# Brick Ceiling



## jshuatree8 (Feb 1, 2007)

ANYBODY HAVE ANY IDEA ON HOW BIG A SPAN YOU CAN MAKE A LOAD BEARING BRICK CEILING ...IF SO WHATS THE PROPER WAY TO DO IT?:blink: P.S. NOT ARCHED. ALSO HOW MUCH WEIGHT CAN THEY HOLD?


----------



## Tscarborough (Feb 25, 2006)

You should be able to span 2/3 thirds of the length of the brick for a flat load bearing ceiling.


----------



## jshuatree8 (Feb 1, 2007)

*?*

What About A Ceiling Maybe Underneath The Actual Load Bearing Part And The Brick Just Be Cosmetic? How Big A Span ? HAVE YOU EVER SEEN THIS?


----------



## Teetorbilt (Feb 12, 2004)

I'd be looking at faux brick, it's looking pretty good today.

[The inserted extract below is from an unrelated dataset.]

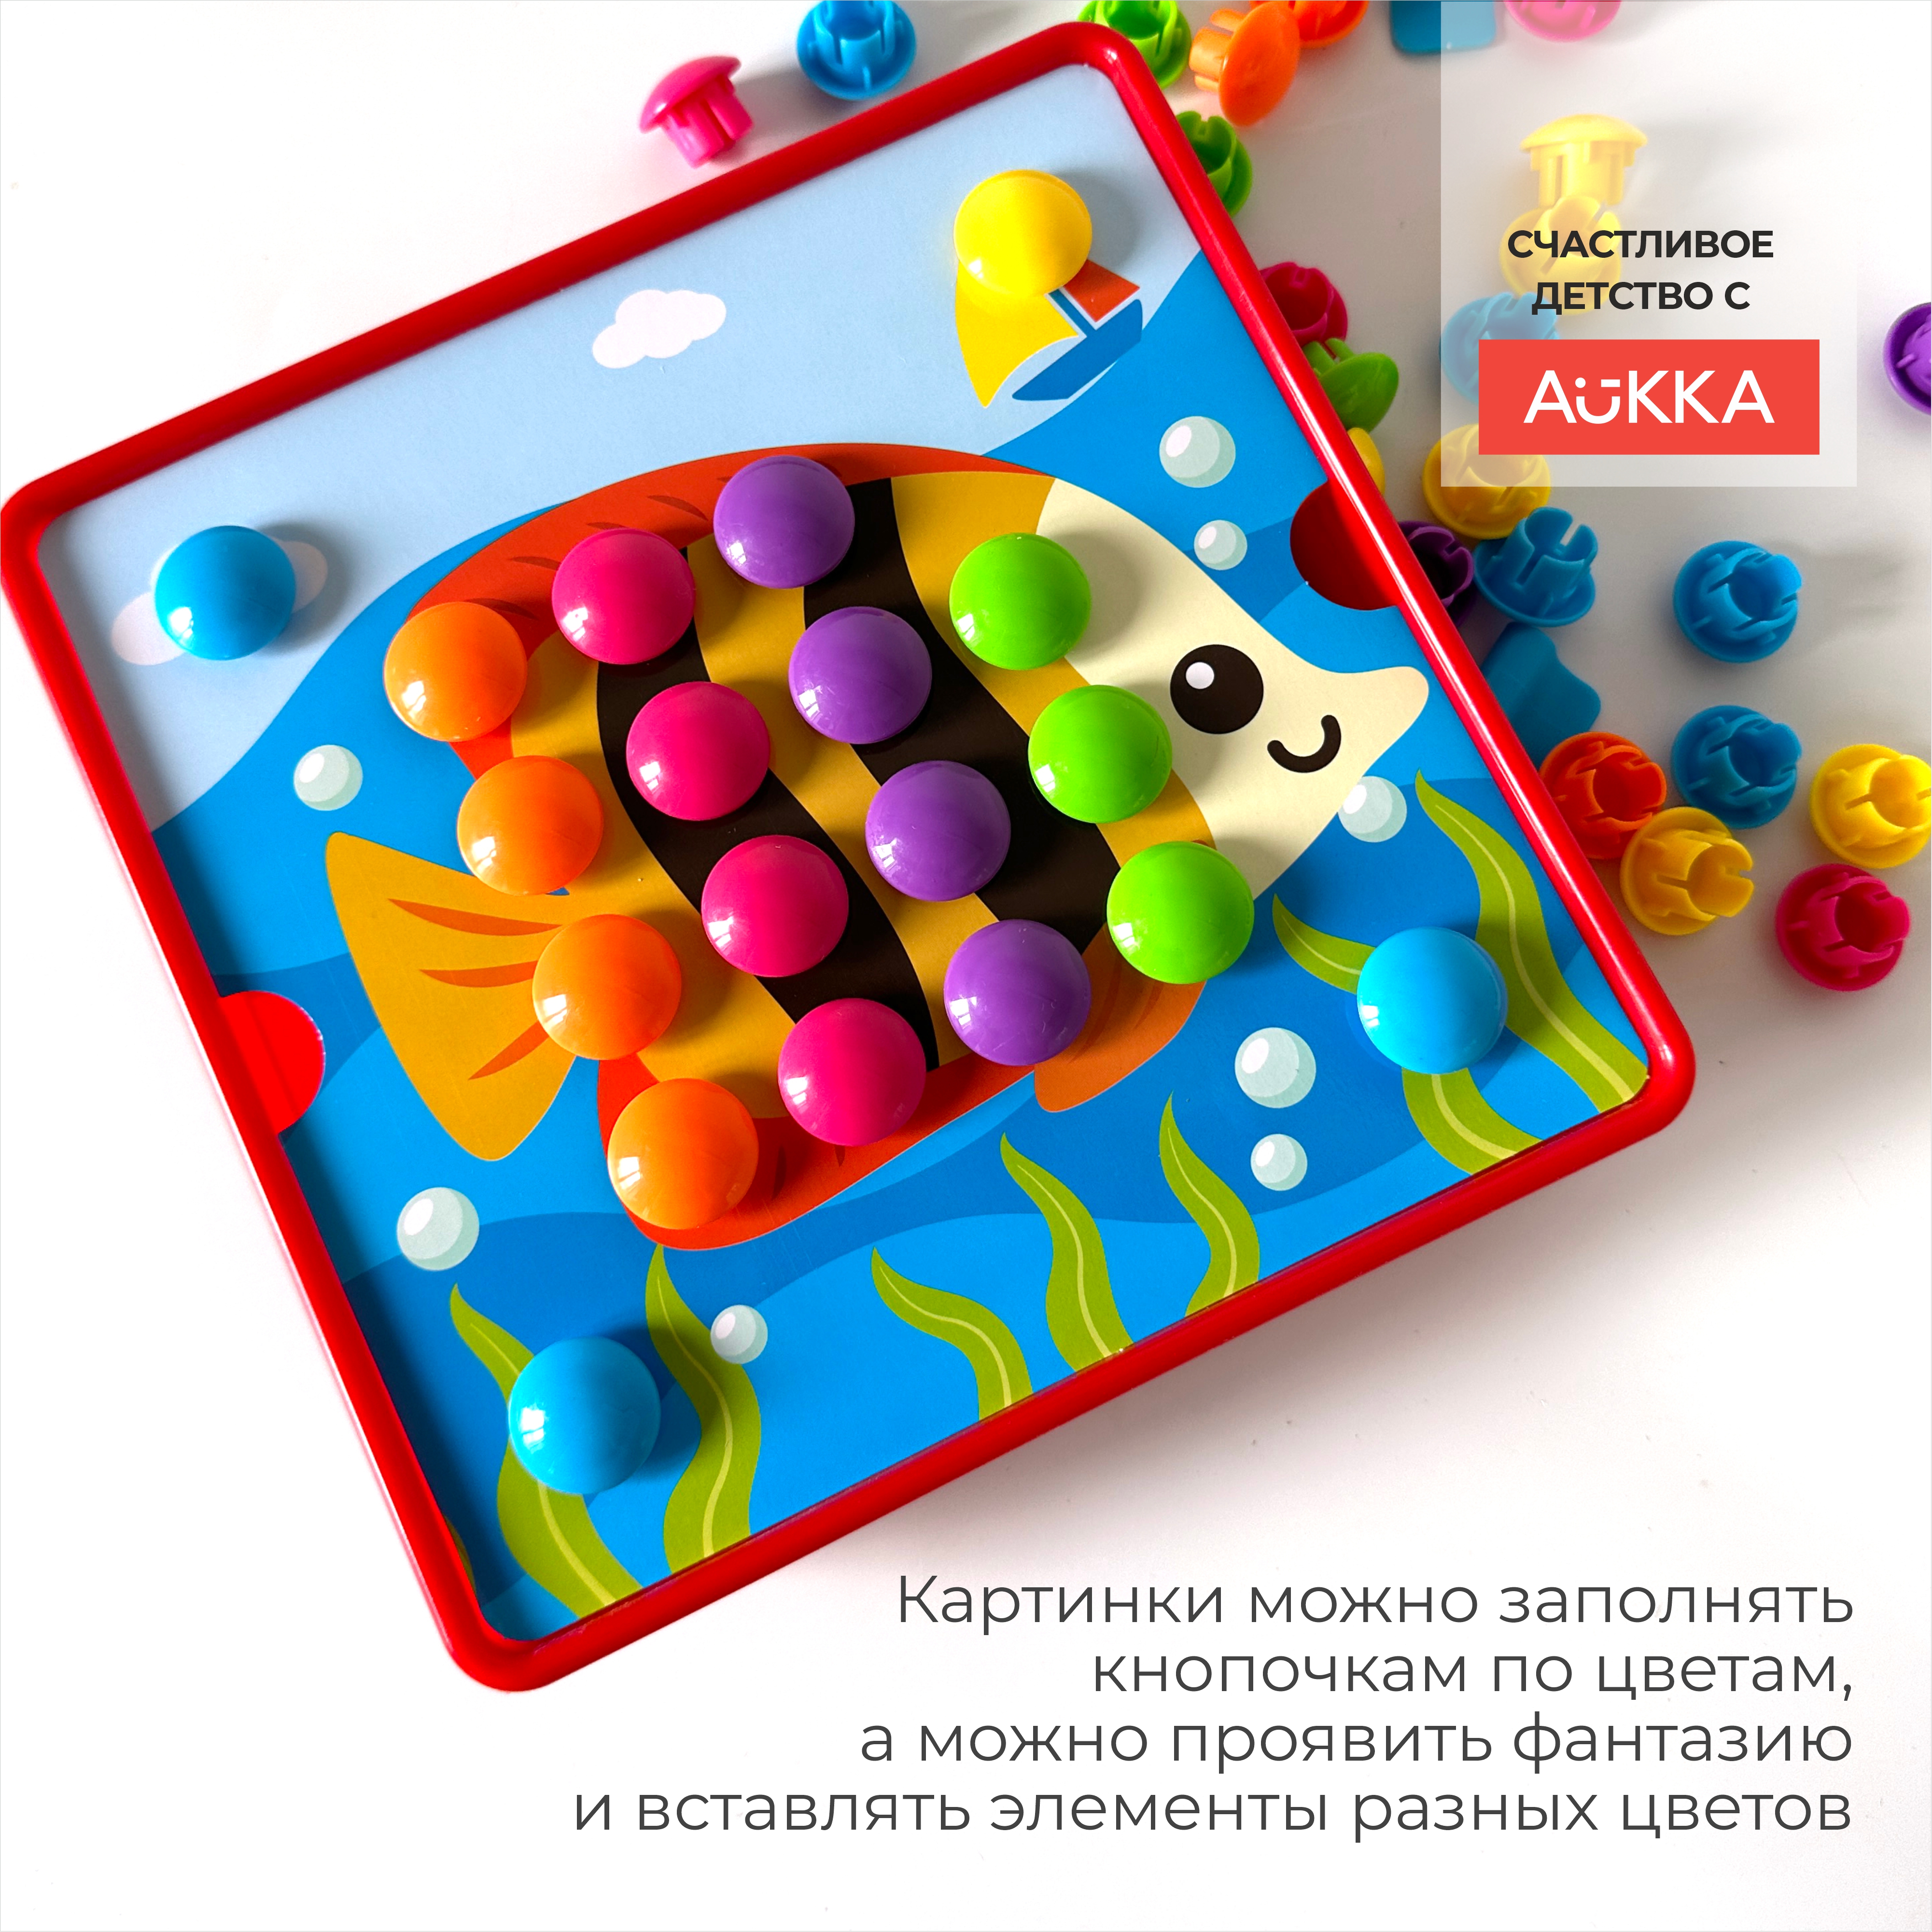 Мозаика AUKKA развивающая игрушка для малышей в подарок - фото 6

I'd also be thinking about someone who wants a brick ceiling, that's pretty dismal.


----------



## Glasshousebltr (Feb 9, 2004)

I sure hope your not in an earthquake zone Js.


----------



## tkle (Apr 15, 2006)

Given the proper backing and proper adhesive,most anything could be glued to the ceiling.Brick set dry on a form with concrete placed on top and worked into the joints so every thing's locked together will hold up.Proper adhesion maintained of course.Not much different than an overhead span of straight concrete.That said it would create an uneasy feeling for anybody sitting in the room and would be quite expensive.


----------